Ambiente Ufficio S.p.A. and others v. Argentine Republic, ICSID Case No. ARB/08/9 (formerly Giordano Alpi and others v. Argentine Republic), Dissenting Opinion of Santiago Torres Bernárdez (May 2, 2013)
1. I regret to dissent from the majority’s decision entirely, the reason being that I uphold most of the preliminary objections submitted by the Respondent in the present case, except the second part of objection (b) because it has not been proved to my satisfaction that Claimants consciously committed a bad faith abuse of right by instituting the present proceeding through the filing with ICSID of the Request for Arbitration of 23 June 2008. Moreover, the relationship between NASAM and Claimants in the present case is not as stringent as the relationship between TFA and Claimants in the Abaclat and others v. Argentine Republic case.
2. I part ways therefore with my co-arbitrators for a series of outstanding reasons which, in my opinion, prevent the present Tribunal - an ICSID international tribunal - from taking jurisdiction in the case.
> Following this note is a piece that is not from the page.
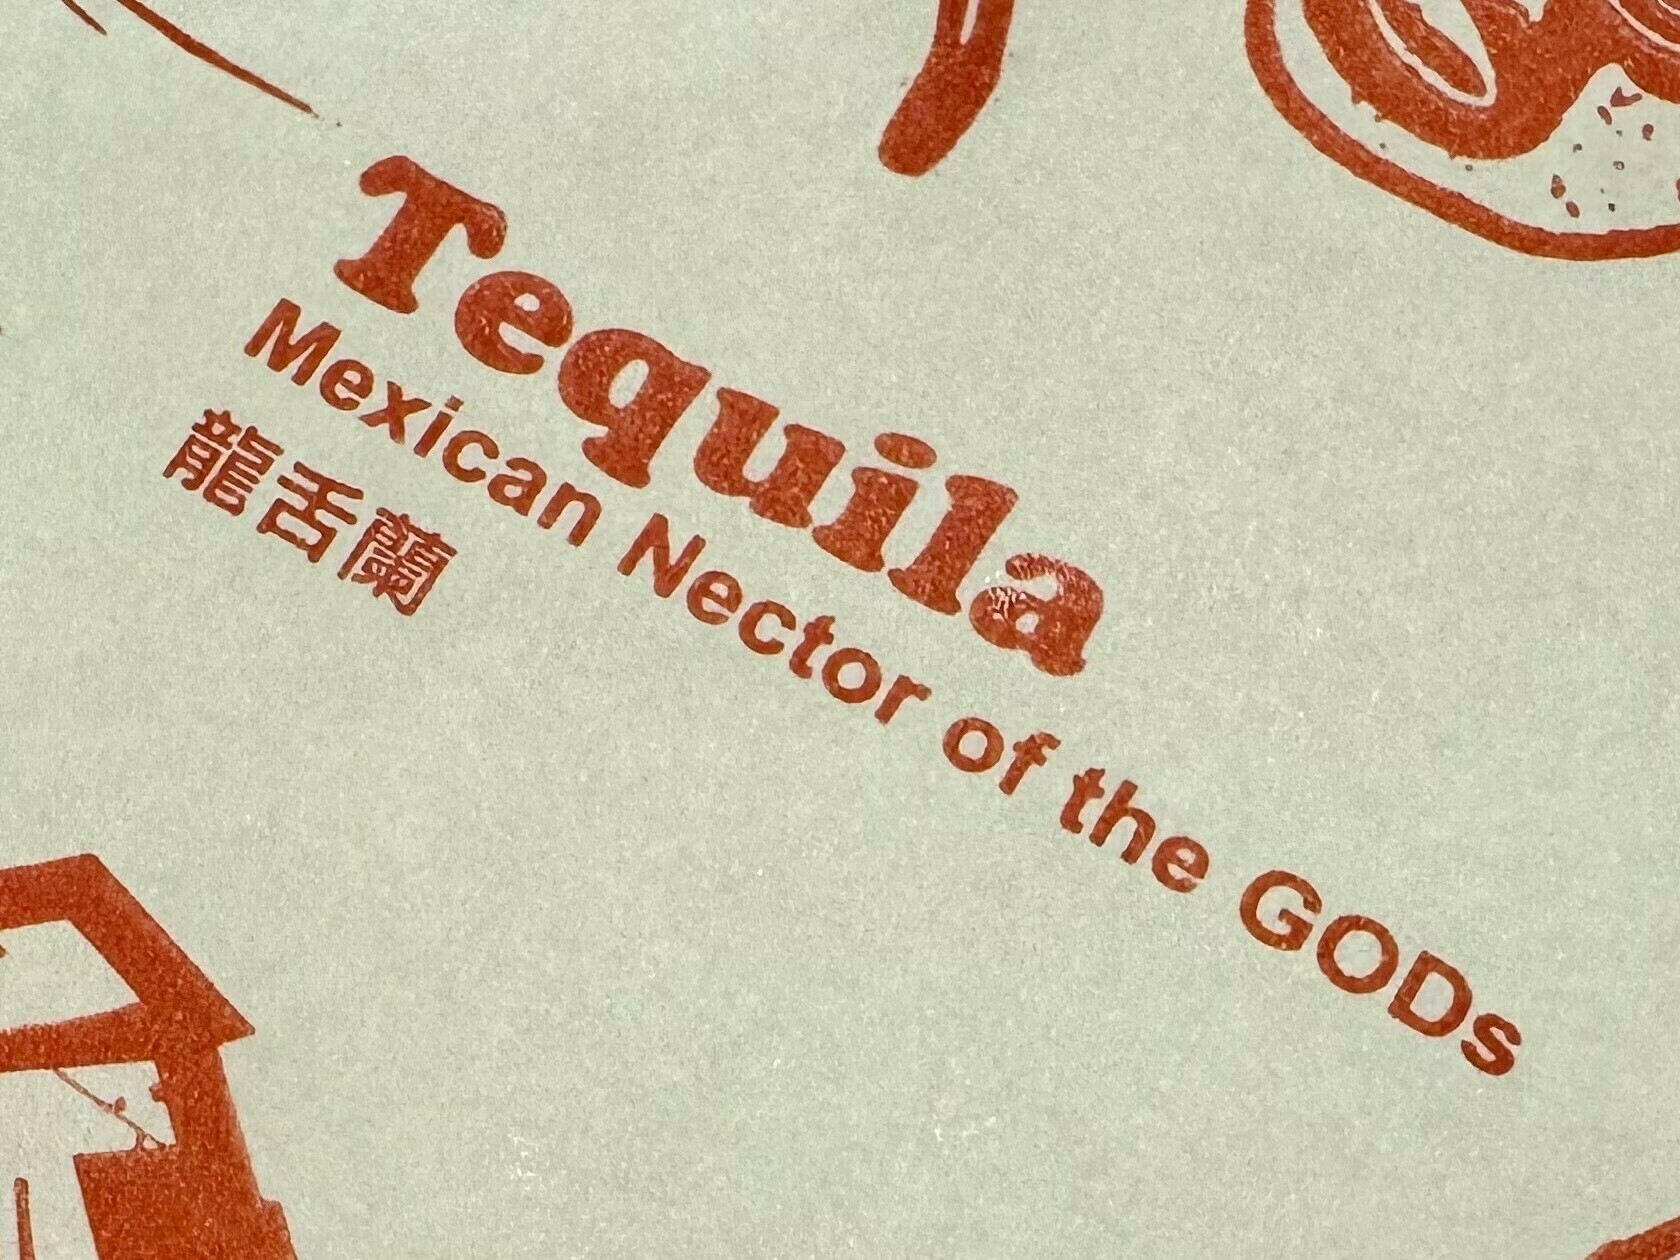 A piece of paper with "Tequila. Mexican Nector (sic) of the GODs" typed on it in red ink

These reasons, grounded on public international law considerations and the submitted argument and evidence, may be summarized as follows:
(1) The Argentine sovereign debt instruments at the basis of the Claimants’ claims (“security entitlements” in Argentine sovereign bonds) do not constitute a “protected investment” under the ICSID Convention because the alleged “investments” were made without any intent to perform any economic activity in the host country or in connection with any particular project related to an activity of that kind in that country, as confirmed by the fact that none of the alleged “investments” were done “in the territory of the Argentine Republic” in the sense of Article 1(1) and (4) of the 1990 Argentina-Italy BIT;
(2) Consequently, the Italian holders of the said “security entitlements” as defined in Article 1(2), of the Argentina-Italy BIT are not prima facie “protected investors” either because they are not physical or juridical persons of a Contracting Party who have made, are making or have assumed an obligation to make investments in the territory of the other Contracting Party, but in the circumstances of the case the objection does not possess an exclusively preliminary character.